From Mitch Rezansoff, Executive Director of CAAR:
At Ag in Motion, it was clear to me that suppliers of seed, fertilizer, crop protection, technologies and equipment are jockeying to position themselves as leaders and trusted advisers to farm managers and operations.
Trusted adviser status cannot be claimed – it must be earned.
To establish trusted adviser status, one must demonstrate that they can give valuable advice within and outside their specialism. This includes demonstrating knowledge of ag business and production in general, and of the farm client’s operation and areas of specialties.
Earning Your Spot
It is not easy to earn the place of a trusted farm adviser; it takes sustained effort. That means doing your homework and committing to investments of long-term learning.
It also means paying attention, making concerted efforts to build experience on clients’ farms, providing evidence-based experience and example sharing, and recording what has worked across multiple scenarios.
No one individual can provide complete trusted adviser services to farm operations, rather, farmers tend to surround themselves with multiple trusted advisers overtime. The goal is to be recognized as one of the chosen.
This leads to the question:
Who is best positioned to be a trusted adviser to farm operations and farm managers to lean on for advice?
We need to look at:
- Who has the greatest breadth of experience and the greatest knowledge development opportunities?
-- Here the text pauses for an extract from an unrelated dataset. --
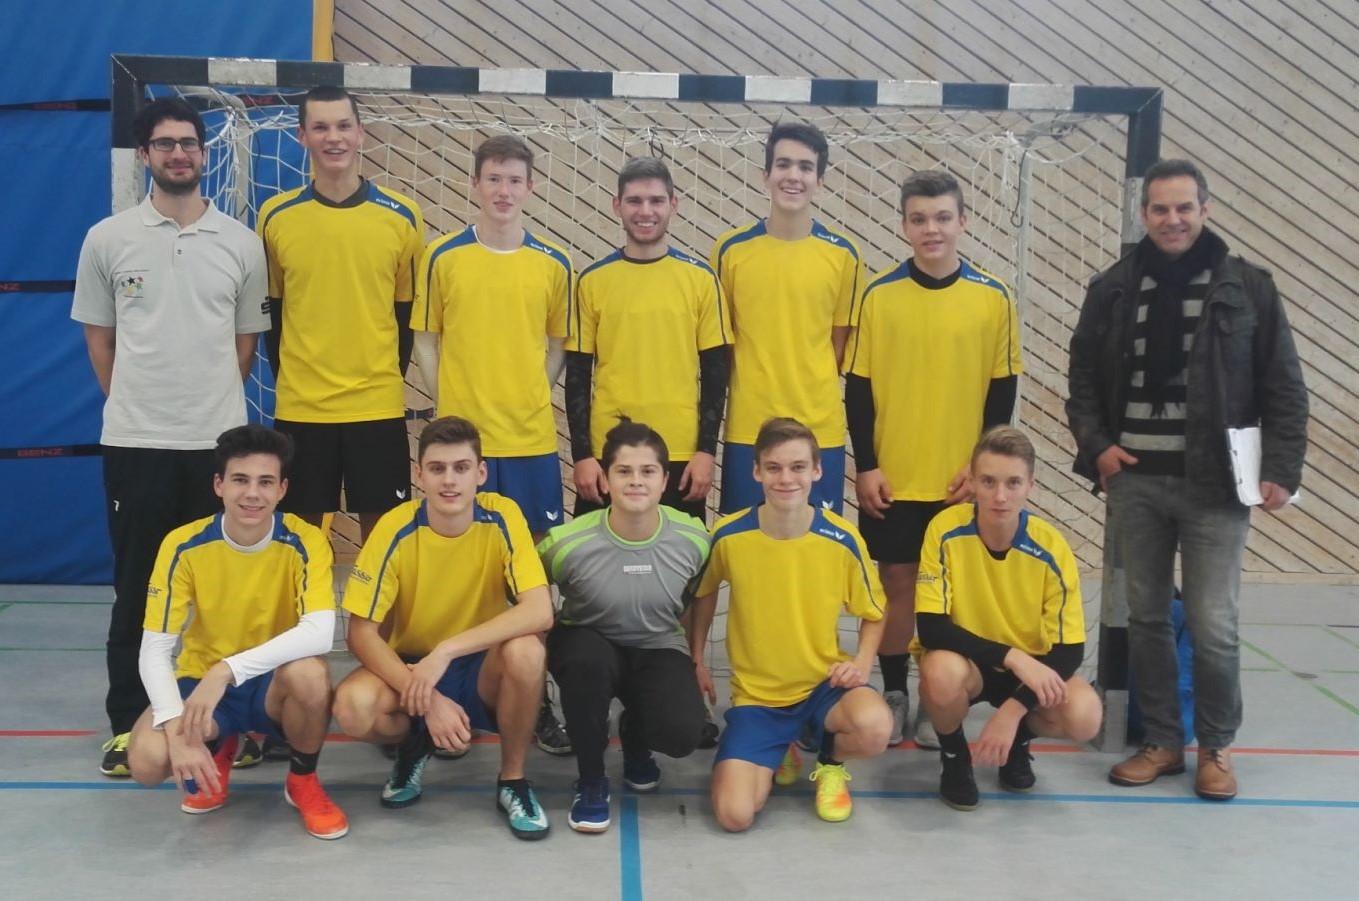 Jugend trainiert für Olympia Handball

- Who works with the largest number of similar farm operations, environmental and geographical conditions, through hands on experiences?
The answer to both lies with agronomists.
I’m not discounting the value of input, technology and equipment suppliers. They too employ agronomists.
But, full-time, dedicated agronomists over time develop the greatest breadth of knowledge with cross-functional and multidisciplinary expertise.
Agronomists possess knowledge that includes:
Soils, nutrients, seeds, crop protection, short- and long-term husbandry, mechanical implications, timing, environmental and geographical implications, technological and science advancement reviews and recommendations, problem investigation and resolution, aligning the critical factors of science, technology and precision technology/equipment and sustainability practices.
There are approximately 10,000 Professional Agrologists and 1,700 Certified Crop Advisers in Canada.
They are self, private and public employed. Many are employed by agri-retailers.
The value of this dynamic group will not diminish with advances in ag science and precision technologies.
Agronomists are critical to supporting the adoption, mainstreaming and identifying efficiencies as farm operations progress.
Agronomists must embrace lifelong learning, must become the conduit of introducing new systems and technologies to farm operations and utilize these advancements themselves. Not only must they introduce these development to farm managers, but they must also support the transition.
As an agronomist, when farm managers and their operations request your opinion and support when considering fundamental operational changes, a first step to achieving trusted adviser status has been completed.
Agronomists that bridge the gap connecting science, technology and equipment will remain a valued partner to farm operations today and tomorrow.